Swanson remained with the U–17 national team for a short time in 2014. She started off the year with the team at a training camp from January 11 to 19 in Carson, California. The camp served as a preparation for an international tournament held in February. Swanson was on the roster for the tournament, which was held at the U.S. National Team Training Center in Carson. In their final match of the tournament on February 9, the United States faced Japan. During the game, Swanson scored her fourth goal of the tournament to help the United States pull away the 2–1 victory and win the tournament title.

U-20 WNT
At the end of her time with the U–17 national team, Swanson was called up to the U–20 national team for a training camp from February 22 to March 2 that also featured a match against China. Swanson was then on a 25–player roster for a U–20 training camp from April 13 to 20. In preparation for the 2014 FIFA U–20 Women's World Cup in August, the U–20 team also trained in May and July, with a trip to Europe in June. After the team's final camp from July 9 to 23, Swanson was named to the roster for the 2014 FIFA U–20 Women's World Cup. At 16, she was the youngest member of the team. Swanson played all 90 minutes of the team's first match of the tournament against Germany on August 5. In the team's second group match against Brazil on August 8, Swanson suffered a right ankle injury in the 27th minute and was replaced by Taylor Racioppi. Despite the injury, Swanson went on to start the remaining two matches of the tournament. The United States team fell to Korea DPR on August 16, which halted their advancement in the tournament.

Swanson started off 2015 at a U–20 national team training camp in Sanford, Florida from January 24 to 31. The training camp featured a match against German club Bayern Munich. Swanson started in that match; however, the U–20 team was defeated 4–0. Following the training camp, Swanson was named to the 22–player roster for an invitational tournament in La Manga, Spain. In the first match of the tournament, Swanson scored both goals of the game to help the United States defeat Norway. Swanson wore the captain's armband during the team's second match against the Netherlands on March 7. Swanson played all 90 minutes in the team's last match against Sweden on March 9.

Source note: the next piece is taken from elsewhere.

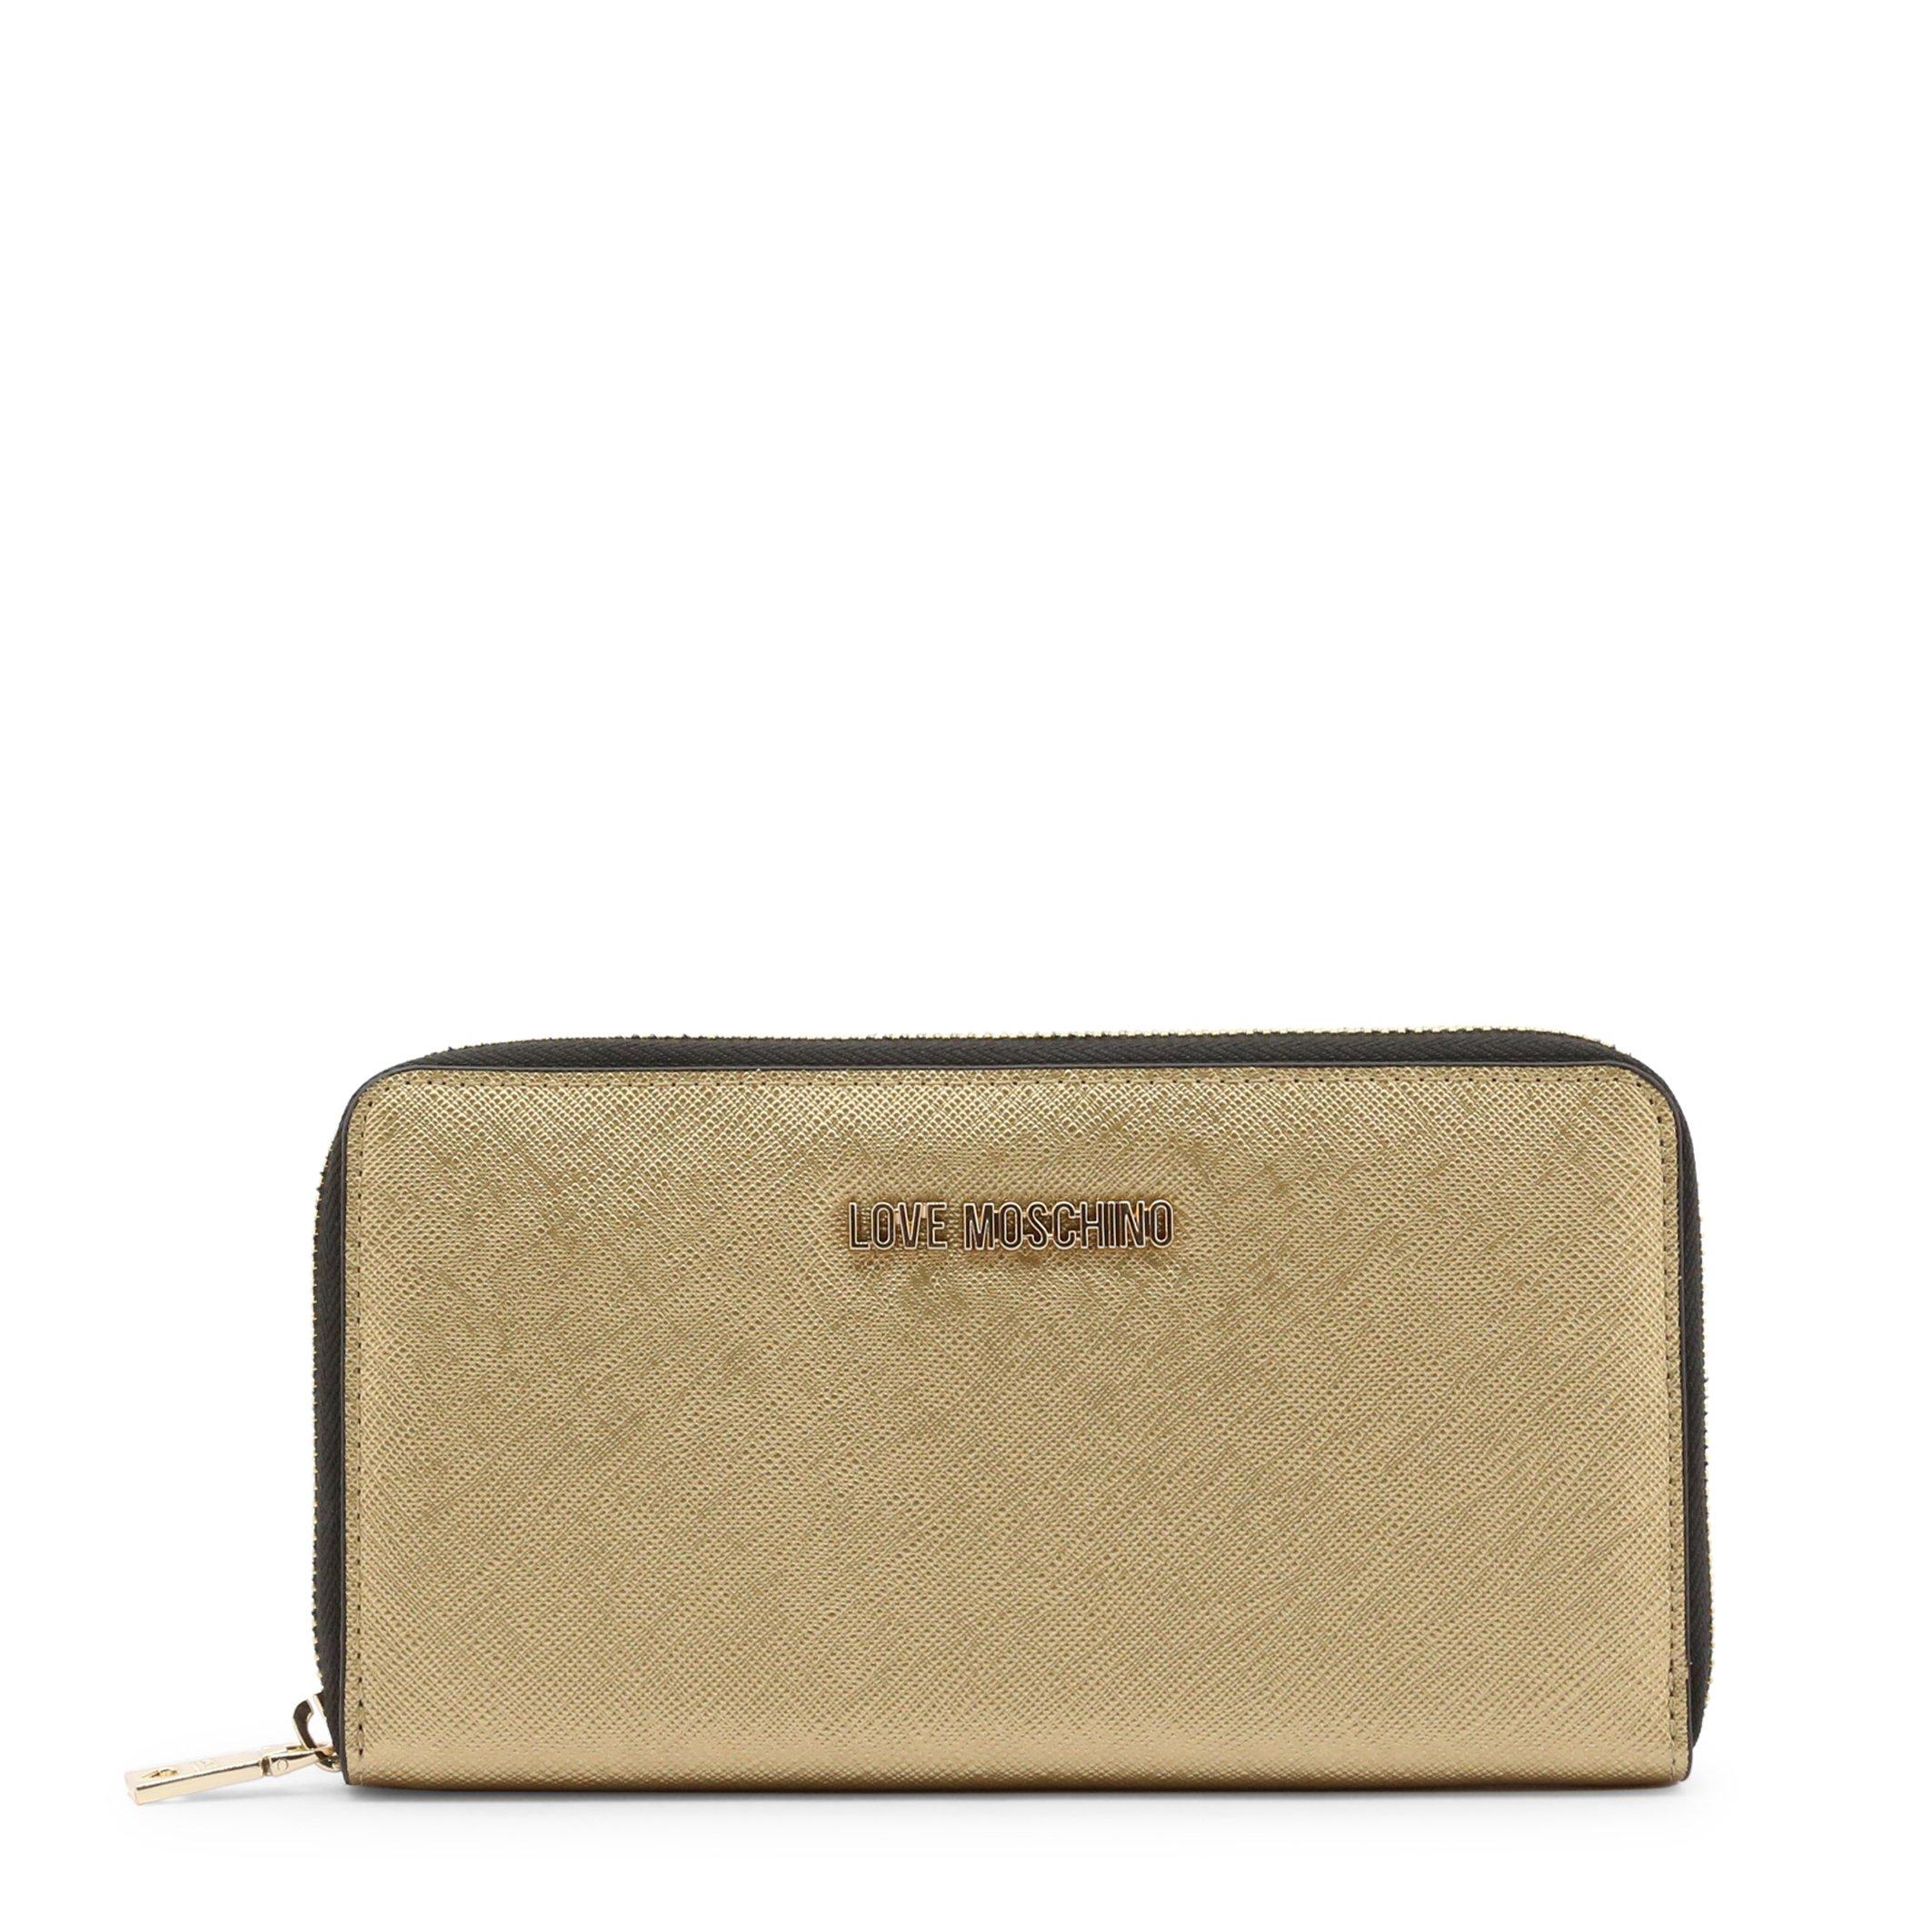 Love Moschino Women's Wallet Various Colours JC5552PP16LQ0 - yellow NOSIZE

In November 2015, Swanson was named to the roster for the 2015 CONCACAF Women's U–20 Championship in December. Swanson was the most experienced player on the roster and also captained the team. In the first match against Mexico on December 4, Swanson scored on a penalty kick in the 20th minute. The United States qualified for the 2016 FIFA U-20 Women's World Cup after defeating Honduras in the semifinal on December 11. Swanson helped the team win the tournament with a 1–0 win over Canada on December 13. Following the tournament, Swanson was awarded the Golden Boot for most goals scored and the Golden Ball for best player of the tournament. On December 18, Swanson was named the 2015 U.S. Soccer Young Female Player of the Year.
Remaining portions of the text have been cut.